Park Slope’s Old First Reformed Church and Community Bookstore and local advocacy group Park Slope Neighbors are joining forces to present a reading and community forum featuring award-winning investigative journalist — and Park Slope resident — Elizabeth Royte.

Royte will read from her acclaimed new book “Bottlemania: How Water Went on Sale and Why We Bought It” at the Old First Reformed Church, Seventh Avenue and Carroll Street, September 25 at 7 p.m. Admission is free.

“Bottlemania: How Water Went on Sale and Why We Bought It” is an illuminating albeit distressing look at the people, machines, economies, and cultural trends that have made bottled water a $60-billion-a-year phenomenon even as it threatens local control of a natural resource and litters the landscape with plastic waste.

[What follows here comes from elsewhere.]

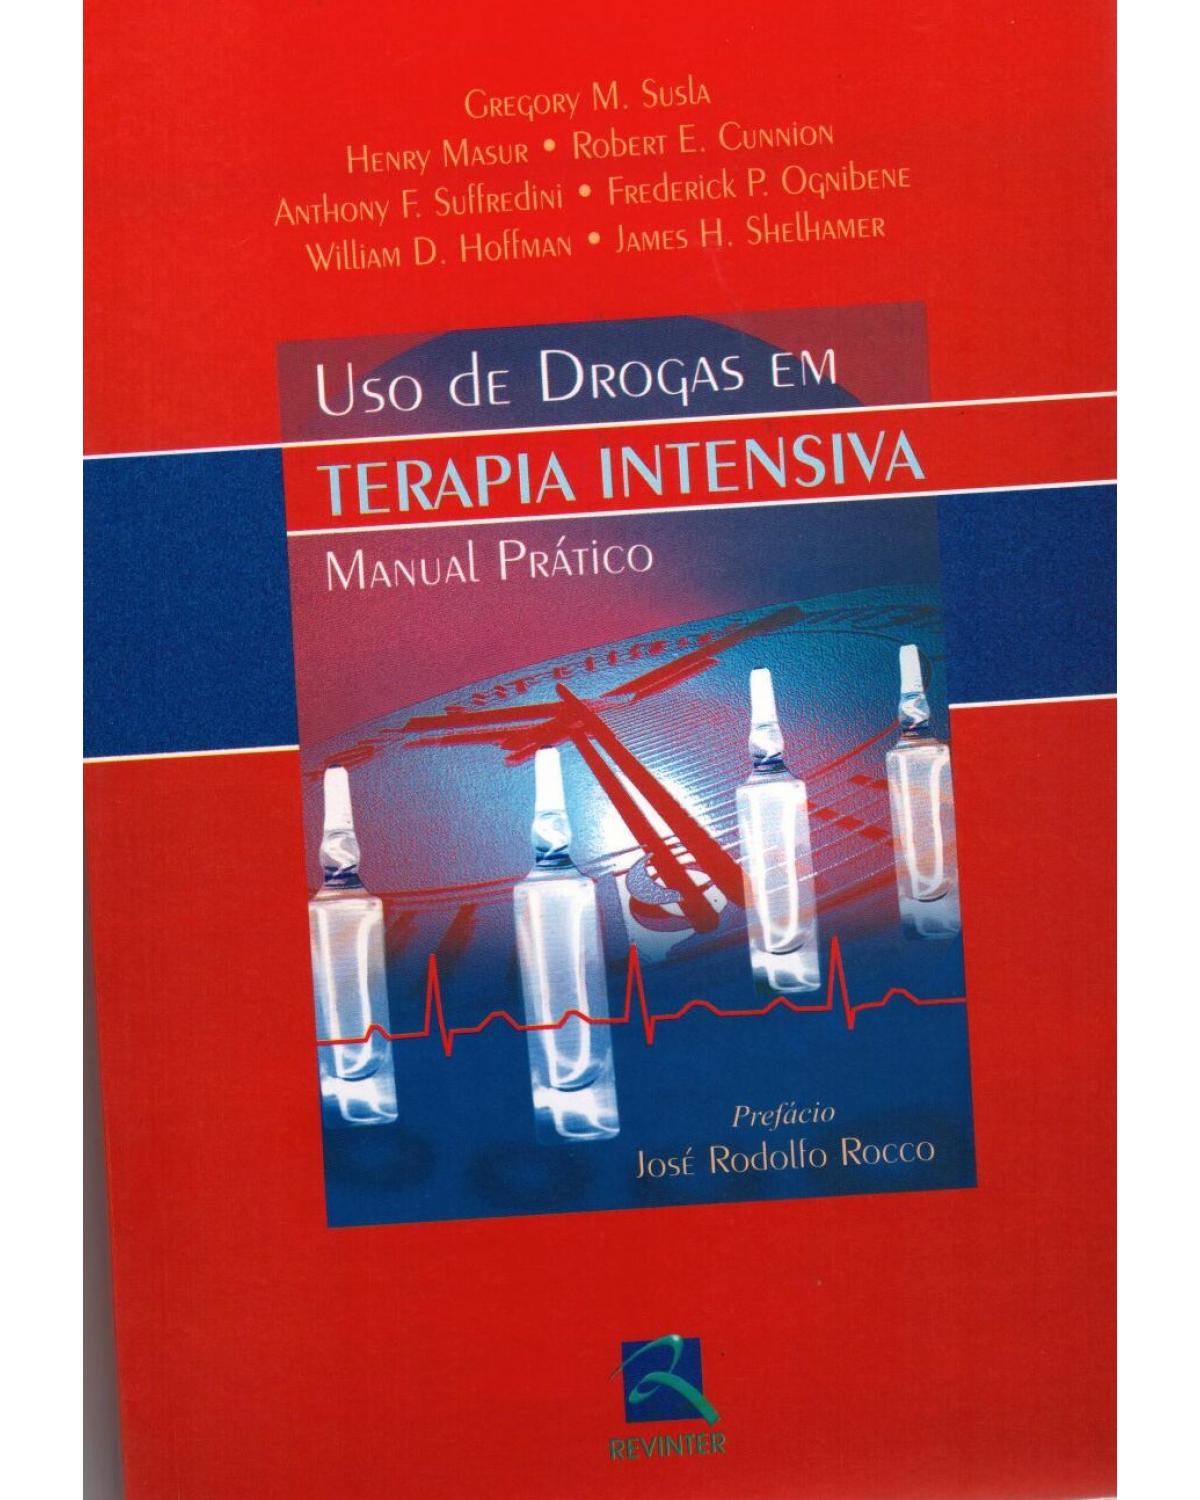 Uso de drogas em terapia intensiva - manual prático - 1ª Edição | 2002

Royte will be joined by Jay Simpson, staff attorney at the environmental advocacy group Riverkeeper. Mr. Simpson, who will speak about his work as a member of Riverkeeper’s Watershed Team, investigates and prosecutes Clean Water Act violations, fights sprawl in the Hudson River watershed, and works with community groups to protect our public drinking-water supply.

Royte will read selections from “Bottlemania,” and will talk about the bottled-water backlash, what’s right and wrong with the nation’s tap water, and will explain why even New Yorkers with well-water should be concerned about whose hand controls the faucet. She and Simpson will also take questions from the audience.

The Community Bookstore, 143 Seventh Avenue, will have copies of “Bottlemania” available for purchase, and Royte will be signing copies of her book at the end of the evening.